_RECORDED INFORMATION_.

┌────────

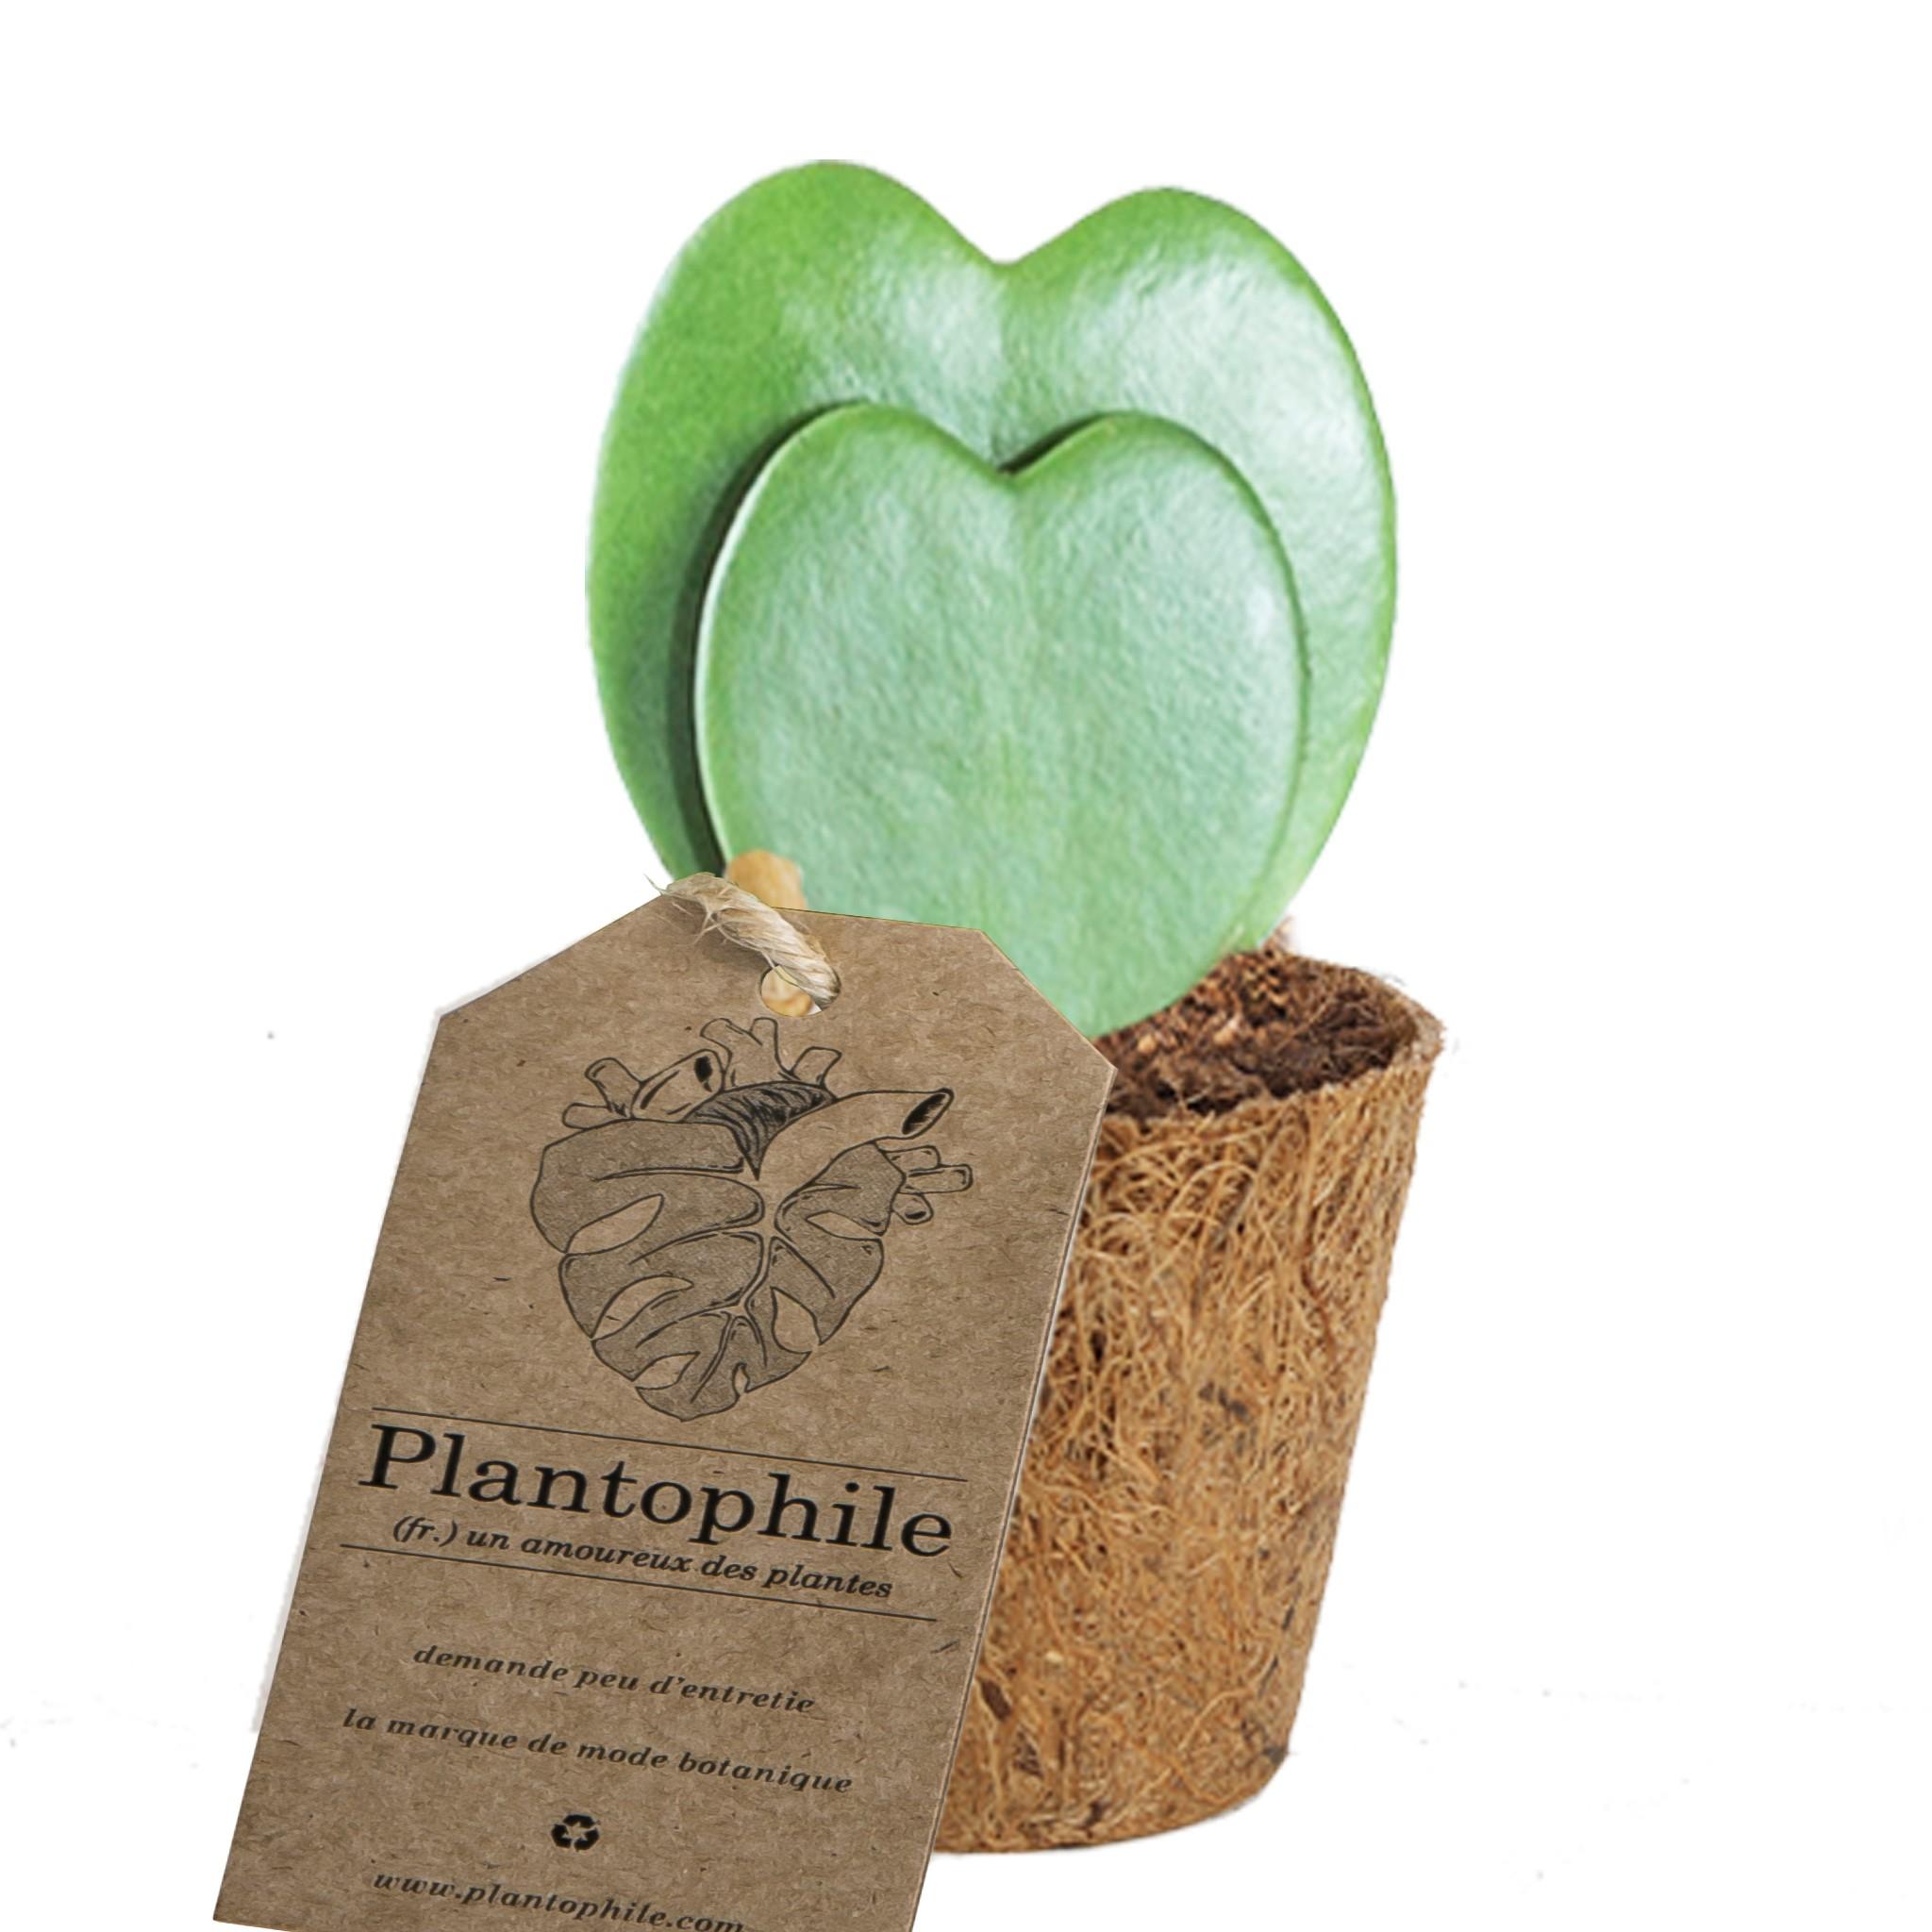 Hoya heart plant in compost pot
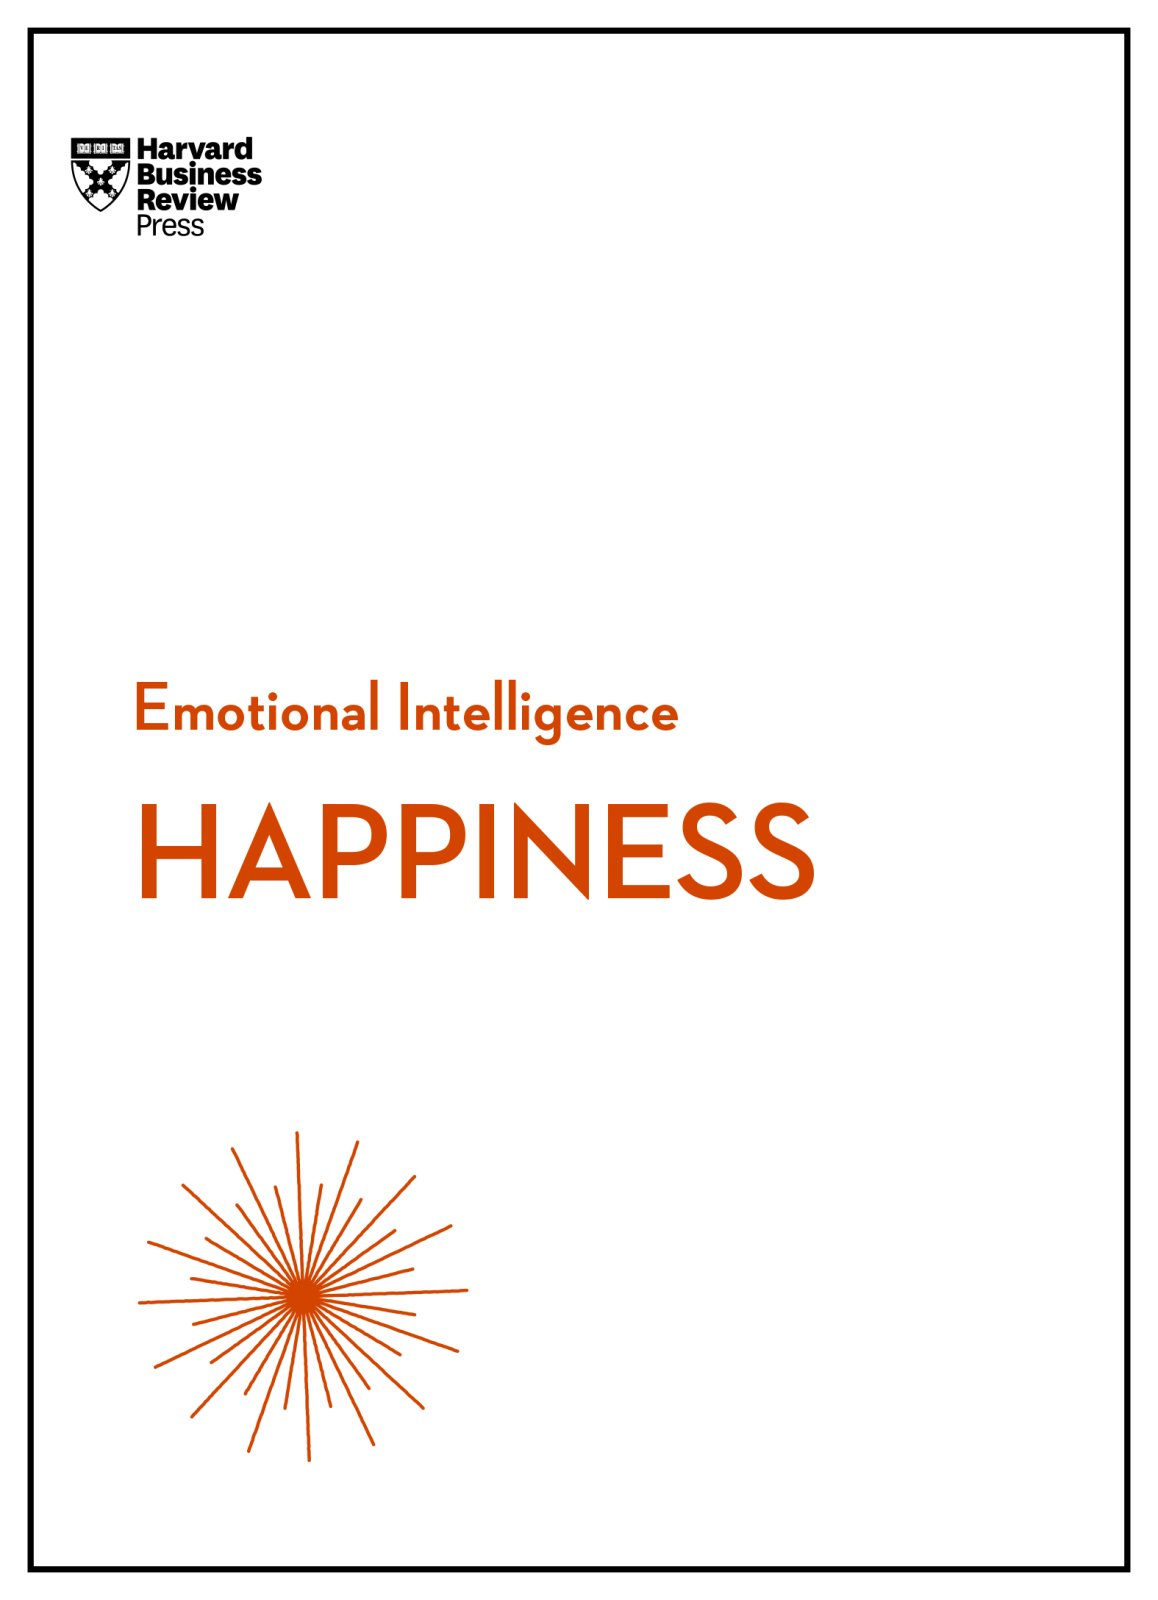 happiness hbr 2.jpg
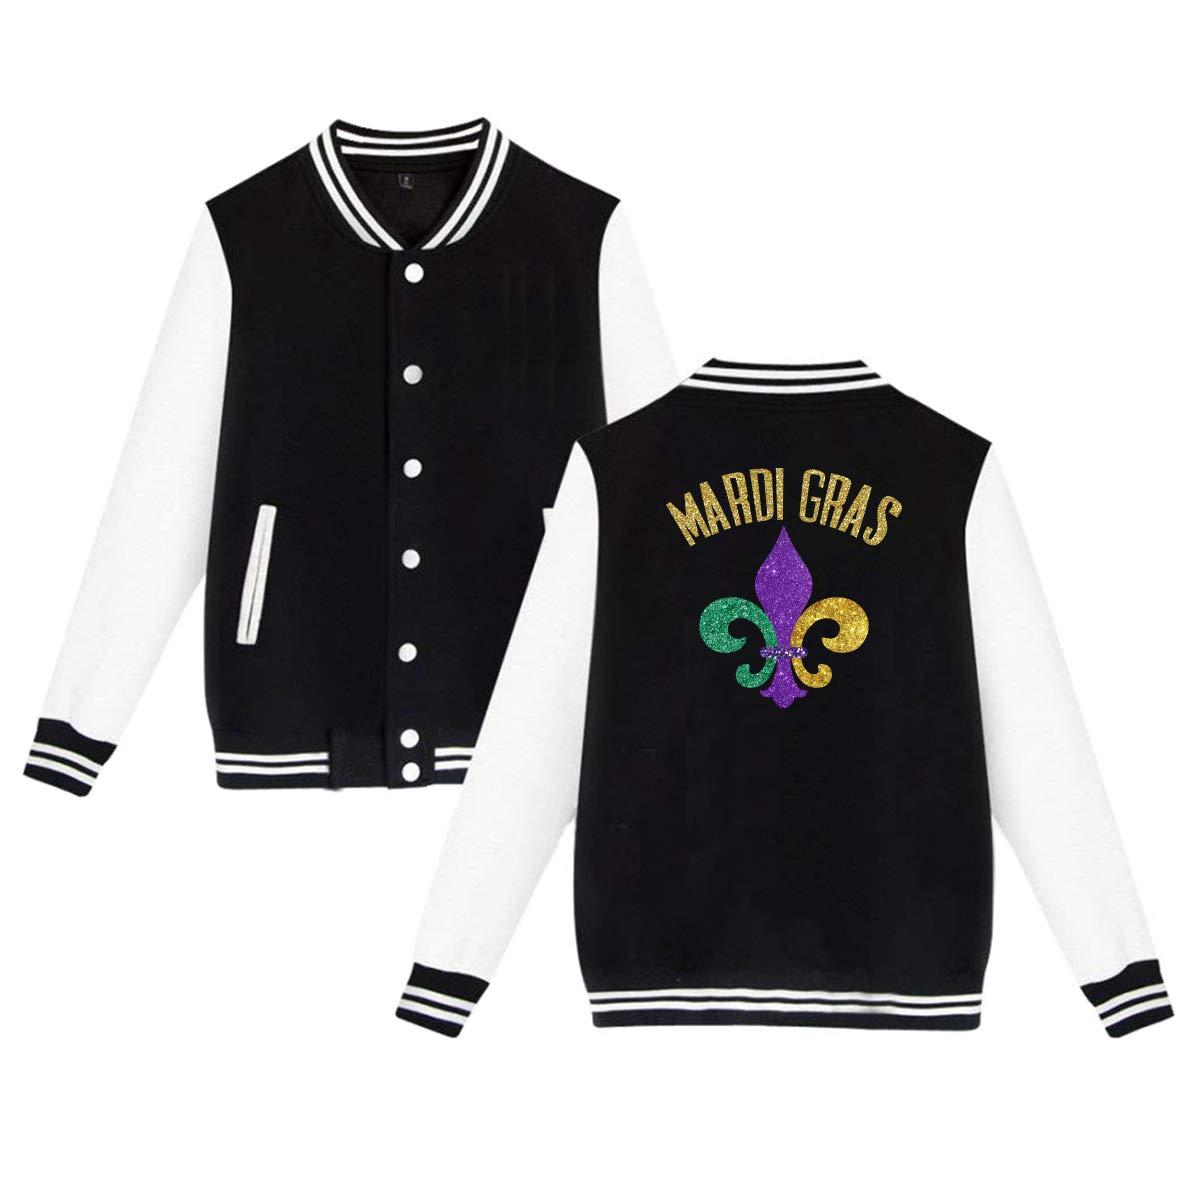 Mardi Gras Fleur De Lis Glitter Baseball Jacket Uniform Unisex Sweater Coat

└────────

_WHAT YOU NEED TO DO_. Give the material above again exactly as it stands, minus any images.

_FINISHED TASK_.
 Hoya heart plant in compost pot
 happiness hbr 2.jpg
 Mardi Gras Fleur De Lis Glitter Baseball Jacket Uniform Unisex Sweater Coat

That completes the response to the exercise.